## TASK DETAILS
A verbatim restatement of the data, free of pictures, is what you should output.

## DATASET SECTION

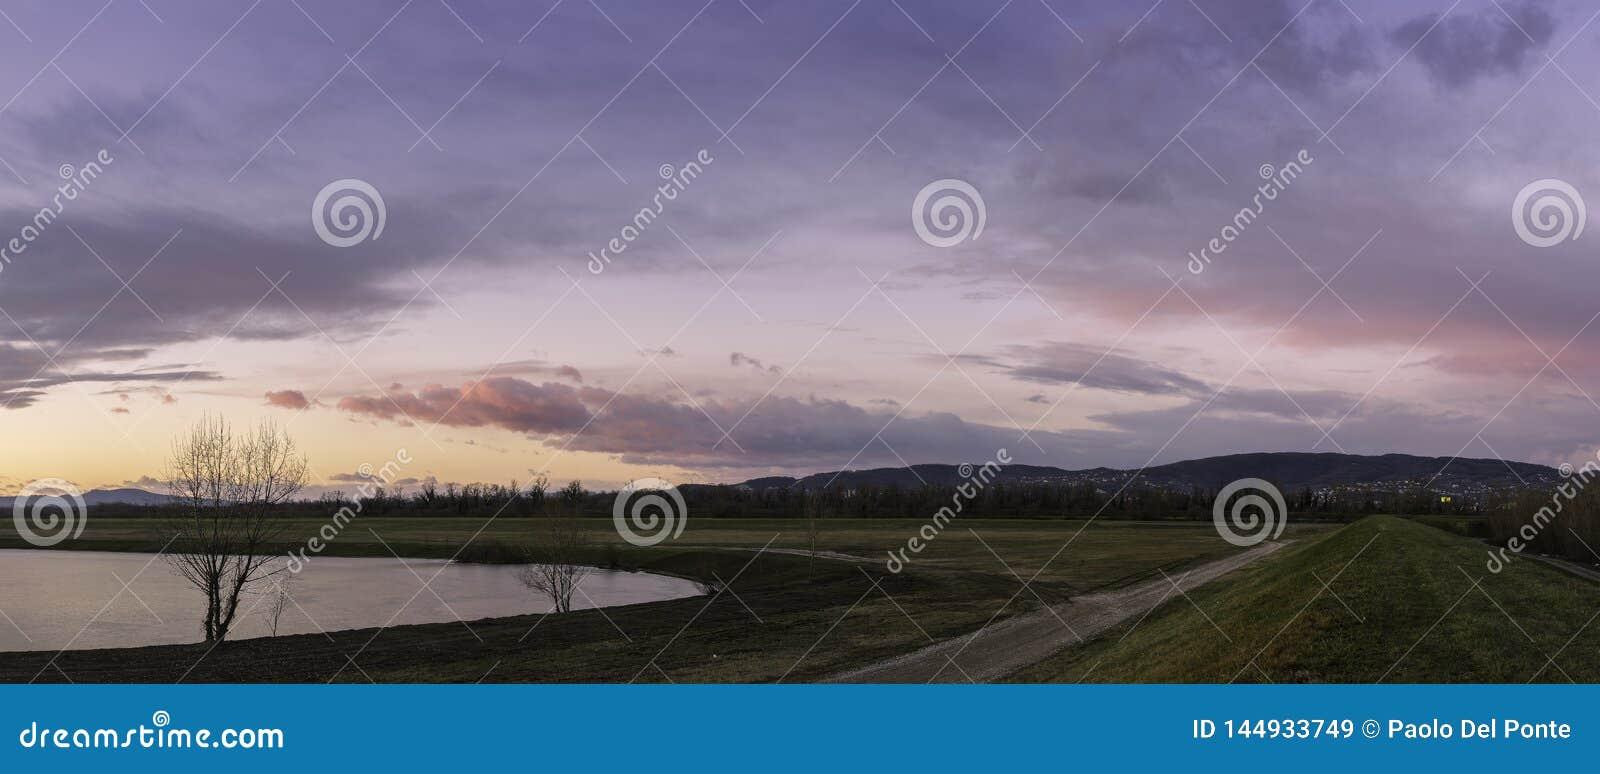 Panorama dalla costa Ovest della città di Zagabria con il lago, gli alberi, il percorso sull argine del fiume Sava ed il cielo v
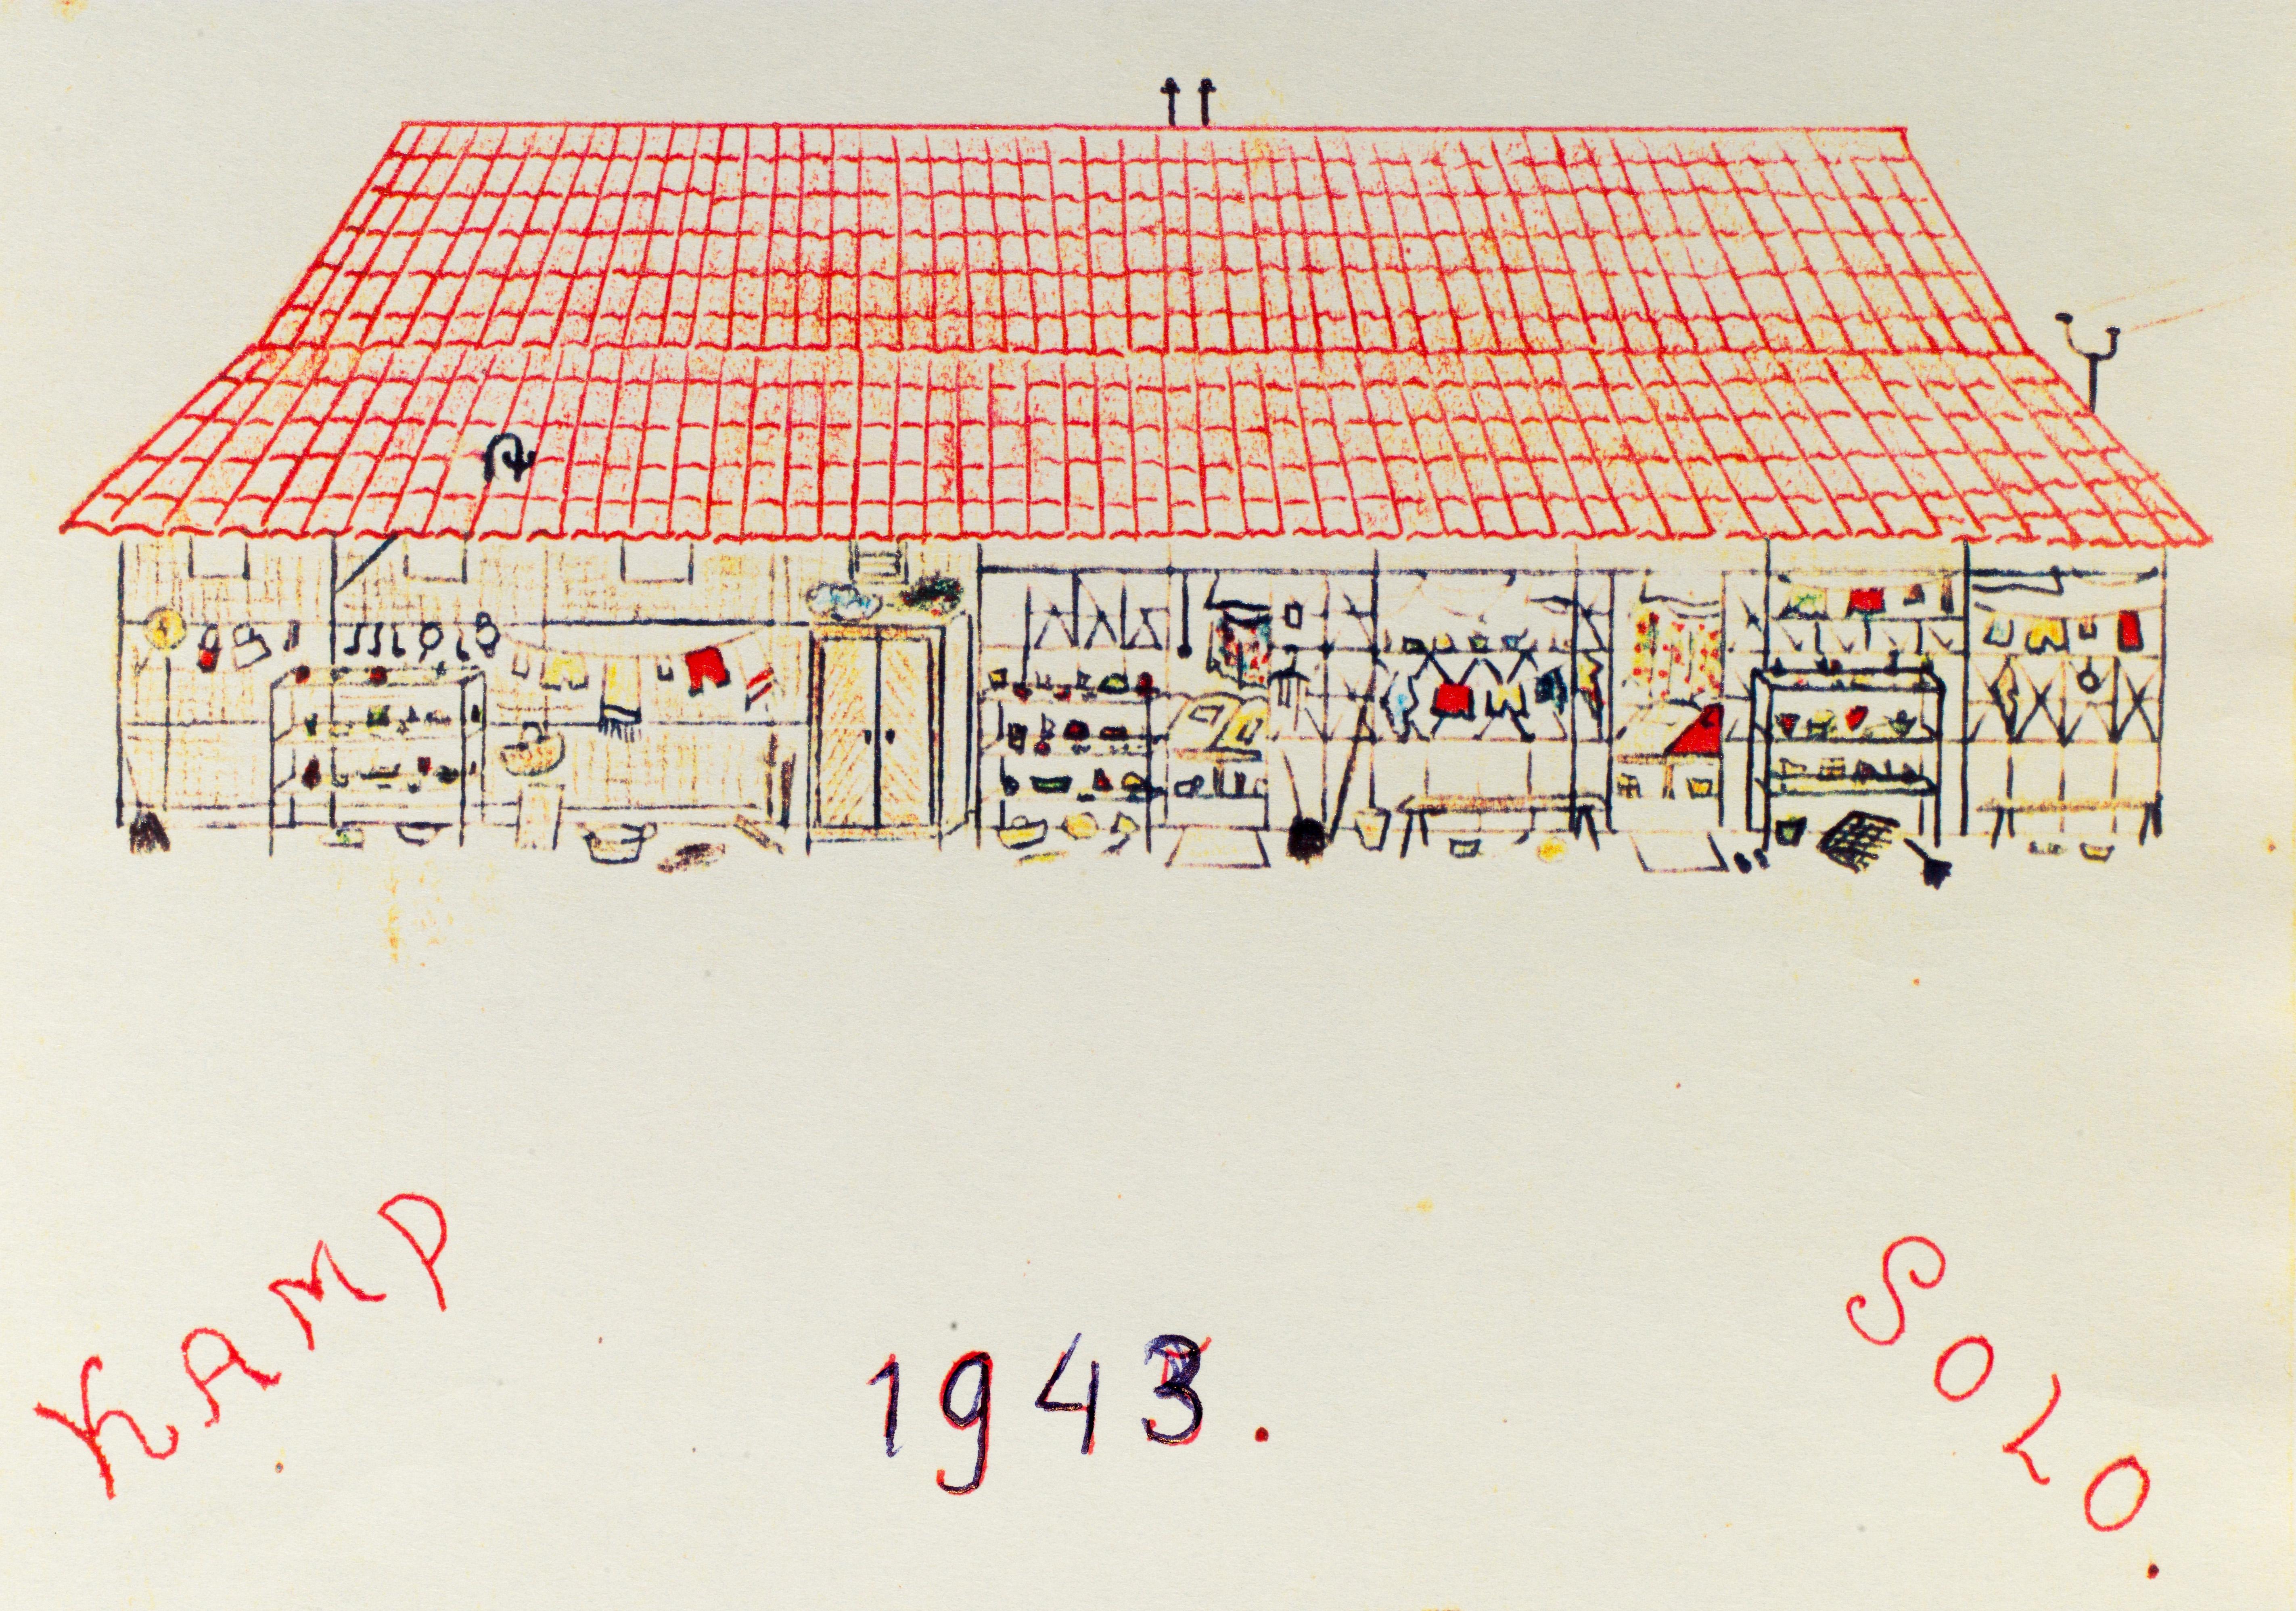 Jeanne de Rijke tekende het leven in het kamp: 'Mijn broertje was na de bevrijding doorschijnend geworden'
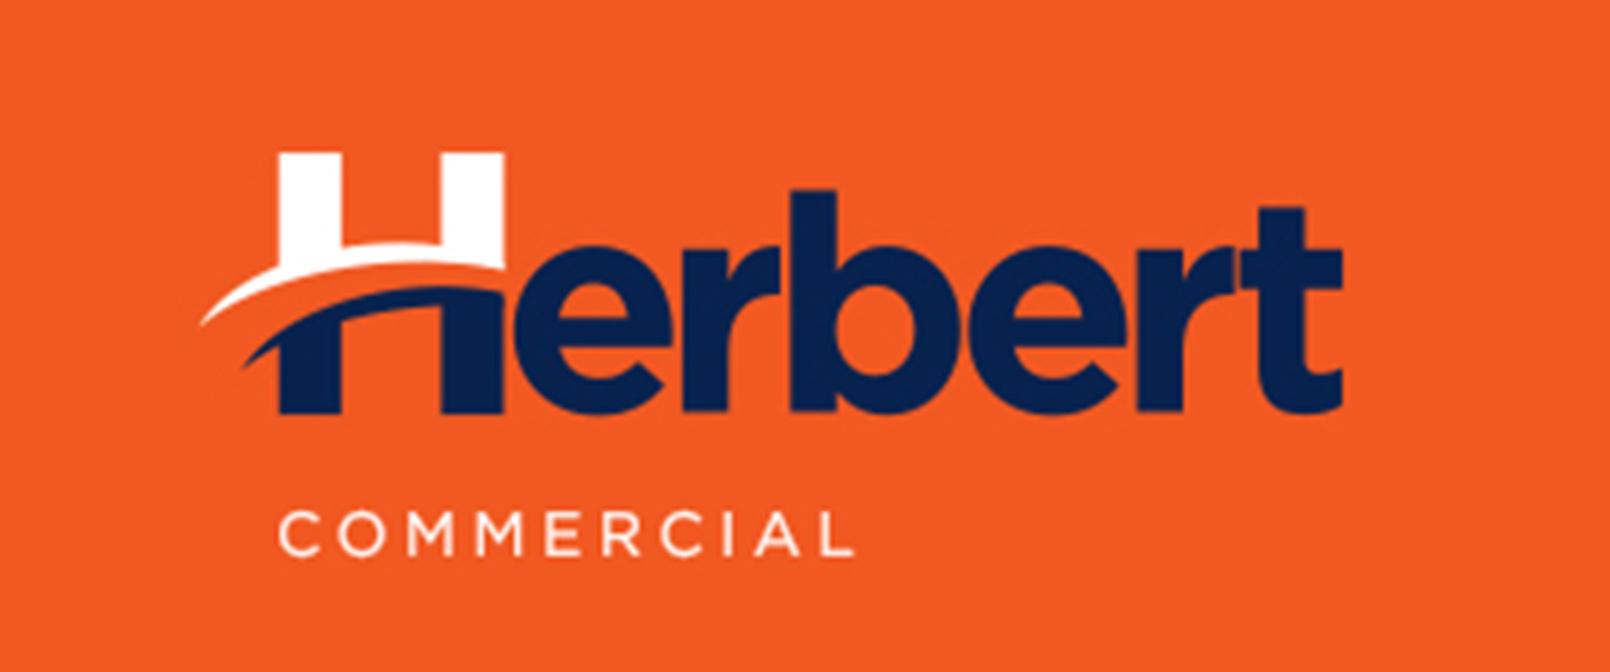 Herbert Commercial Logo

## YOUR SOLUTION
 Panorama dalla costa Ovest della città di Zagabria con il lago, gli alberi, il percorso sull argine del fiume Sava ed il cielo v
 Jeanne de Rijke tekende het leven in het kamp: 'Mijn broertje was na de bevrijding doorschijnend geworden'
 Herbert Commercial Logo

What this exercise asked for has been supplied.